Task prompt ▸ The whole listing is to be set down again without alteration.

Records for this exercise ▸
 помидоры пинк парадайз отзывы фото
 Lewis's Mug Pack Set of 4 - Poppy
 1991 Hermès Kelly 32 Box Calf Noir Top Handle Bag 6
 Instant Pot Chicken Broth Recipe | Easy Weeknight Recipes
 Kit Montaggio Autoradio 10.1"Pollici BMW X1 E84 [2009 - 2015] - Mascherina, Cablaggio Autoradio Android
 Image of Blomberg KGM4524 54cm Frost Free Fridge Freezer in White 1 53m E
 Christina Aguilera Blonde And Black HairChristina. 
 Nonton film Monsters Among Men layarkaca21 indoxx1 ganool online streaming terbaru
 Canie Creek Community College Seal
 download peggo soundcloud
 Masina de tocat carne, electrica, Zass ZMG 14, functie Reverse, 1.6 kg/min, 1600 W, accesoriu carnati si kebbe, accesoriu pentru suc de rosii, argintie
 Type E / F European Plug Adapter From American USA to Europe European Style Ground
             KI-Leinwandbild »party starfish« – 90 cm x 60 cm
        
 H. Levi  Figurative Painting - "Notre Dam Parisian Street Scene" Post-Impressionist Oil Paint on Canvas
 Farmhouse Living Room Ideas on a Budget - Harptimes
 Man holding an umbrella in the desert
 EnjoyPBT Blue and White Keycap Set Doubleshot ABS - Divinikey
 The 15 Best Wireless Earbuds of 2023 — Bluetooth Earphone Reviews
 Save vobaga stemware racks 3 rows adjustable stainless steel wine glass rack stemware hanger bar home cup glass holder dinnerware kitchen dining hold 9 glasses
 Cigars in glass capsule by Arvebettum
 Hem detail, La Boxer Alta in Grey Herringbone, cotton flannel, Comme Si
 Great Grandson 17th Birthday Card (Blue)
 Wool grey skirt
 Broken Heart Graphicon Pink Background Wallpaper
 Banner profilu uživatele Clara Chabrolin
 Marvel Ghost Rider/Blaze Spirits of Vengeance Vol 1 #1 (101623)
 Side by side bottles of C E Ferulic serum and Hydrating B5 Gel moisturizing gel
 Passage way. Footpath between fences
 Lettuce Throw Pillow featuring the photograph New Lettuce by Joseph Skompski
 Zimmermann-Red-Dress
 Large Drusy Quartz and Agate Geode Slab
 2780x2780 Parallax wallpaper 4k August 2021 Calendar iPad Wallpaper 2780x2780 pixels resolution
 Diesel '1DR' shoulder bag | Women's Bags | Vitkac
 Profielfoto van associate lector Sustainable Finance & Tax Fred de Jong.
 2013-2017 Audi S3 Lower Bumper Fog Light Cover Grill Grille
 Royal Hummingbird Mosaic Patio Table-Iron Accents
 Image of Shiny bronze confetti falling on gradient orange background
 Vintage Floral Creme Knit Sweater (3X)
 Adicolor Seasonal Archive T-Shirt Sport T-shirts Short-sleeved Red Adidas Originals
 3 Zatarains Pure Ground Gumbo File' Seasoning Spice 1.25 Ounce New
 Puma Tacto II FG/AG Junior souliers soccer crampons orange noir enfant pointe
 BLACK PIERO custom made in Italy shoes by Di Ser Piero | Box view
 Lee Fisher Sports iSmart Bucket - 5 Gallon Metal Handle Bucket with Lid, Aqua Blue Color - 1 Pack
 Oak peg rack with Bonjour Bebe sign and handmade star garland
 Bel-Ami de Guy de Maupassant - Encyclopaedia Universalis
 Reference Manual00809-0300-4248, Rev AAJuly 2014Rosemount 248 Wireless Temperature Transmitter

Worked solution ▸
 помидоры пинк парадайз отзывы фото
 Lewis's Mug Pack Set of 4 - Poppy
 1991 Hermès Kelly 32 Box Calf Noir Top Handle Bag 6
 Instant Pot Chicken Broth Recipe | Easy Weeknight Recipes
 Kit Montaggio Autoradio 10.1"Pollici BMW X1 E84 [2009 - 2015] - Mascherina, Cablaggio Autoradio Android
 Image of Blomberg KGM4524 54cm Frost Free Fridge Freezer in White 1 53m E
 Christina Aguilera Blonde And Black HairChristina. 
 Nonton film Monsters Among Men layarkaca21 indoxx1 ganool online streaming terbaru
 Canie Creek Community College Seal
 download peggo soundcloud
 Masina de tocat carne, electrica, Zass ZMG 14, functie Reverse, 1.6 kg/min, 1600 W, accesoriu carnati si kebbe, accesoriu pentru suc de rosii, argintie
 Type E / F European Plug Adapter From American USA to Europe European Style Ground
             KI-Leinwandbild »party starfish« – 90 cm x 60 cm
        
 H. Levi  Figurative Painting - "Notre Dam Parisian Street Scene" Post-Impressionist Oil Paint on Canvas
 Farmhouse Living Room Ideas on a Budget - Harptimes
 Man holding an umbrella in the desert
 EnjoyPBT Blue and White Keycap Set Doubleshot ABS - Divinikey
 The 15 Best Wireless Earbuds of 2023 — Bluetooth Earphone Reviews
 Save vobaga stemware racks 3 rows adjustable stainless steel wine glass rack stemware hanger bar home cup glass holder dinnerware kitchen dining hold 9 glasses
 Cigars in glass capsule by Arvebettum
 Hem detail, La Boxer Alta in Grey Herringbone, cotton flannel, Comme Si
 Great Grandson 17th Birthday Card (Blue)
 Wool grey skirt
 Broken Heart Graphicon Pink Background Wallpaper
 Banner profilu uživatele Clara Chabrolin
 Marvel Ghost Rider/Blaze Spirits of Vengeance Vol 1 #1 (101623)
 Side by side bottles of C E Ferulic serum and Hydrating B5 Gel moisturizing gel
 Passage way. Footpath between fences
 Lettuce Throw Pillow featuring the photograph New Lettuce by Joseph Skompski
 Zimmermann-Red-Dress
 Large Drusy Quartz and Agate Geode Slab
 2780x2780 Parallax wallpaper 4k August 2021 Calendar iPad Wallpaper 2780x2780 pixels resolution
 Diesel '1DR' shoulder bag | Women's Bags | Vitkac
 Profielfoto van associate lector Sustainable Finance & Tax Fred de Jong.
 2013-2017 Audi S3 Lower Bumper Fog Light Cover Grill Grille
 Royal Hummingbird Mosaic Patio Table-Iron Accents
 Image of Shiny bronze confetti falling on gradient orange background
 Vintage Floral Creme Knit Sweater (3X)
 Adicolor Seasonal Archive T-Shirt Sport T-shirts Short-sleeved Red Adidas Originals
 3 Zatarains Pure Ground Gumbo File' Seasoning Spice 1.25 Ounce New
 Puma Tacto II FG/AG Junior souliers soccer crampons orange noir enfant pointe
 BLACK PIERO custom made in Italy shoes by Di Ser Piero | Box view
 Lee Fisher Sports iSmart Bucket - 5 Gallon Metal Handle Bucket with Lid, Aqua Blue Color - 1 Pack
 Oak peg rack with Bonjour Bebe sign and handmade star garland
 Bel-Ami de Guy de Maupassant - Encyclopaedia Universalis
 Reference Manual00809-0300-4248, Rev AAJuly 2014Rosemount 248 Wireless Temperature Transmitter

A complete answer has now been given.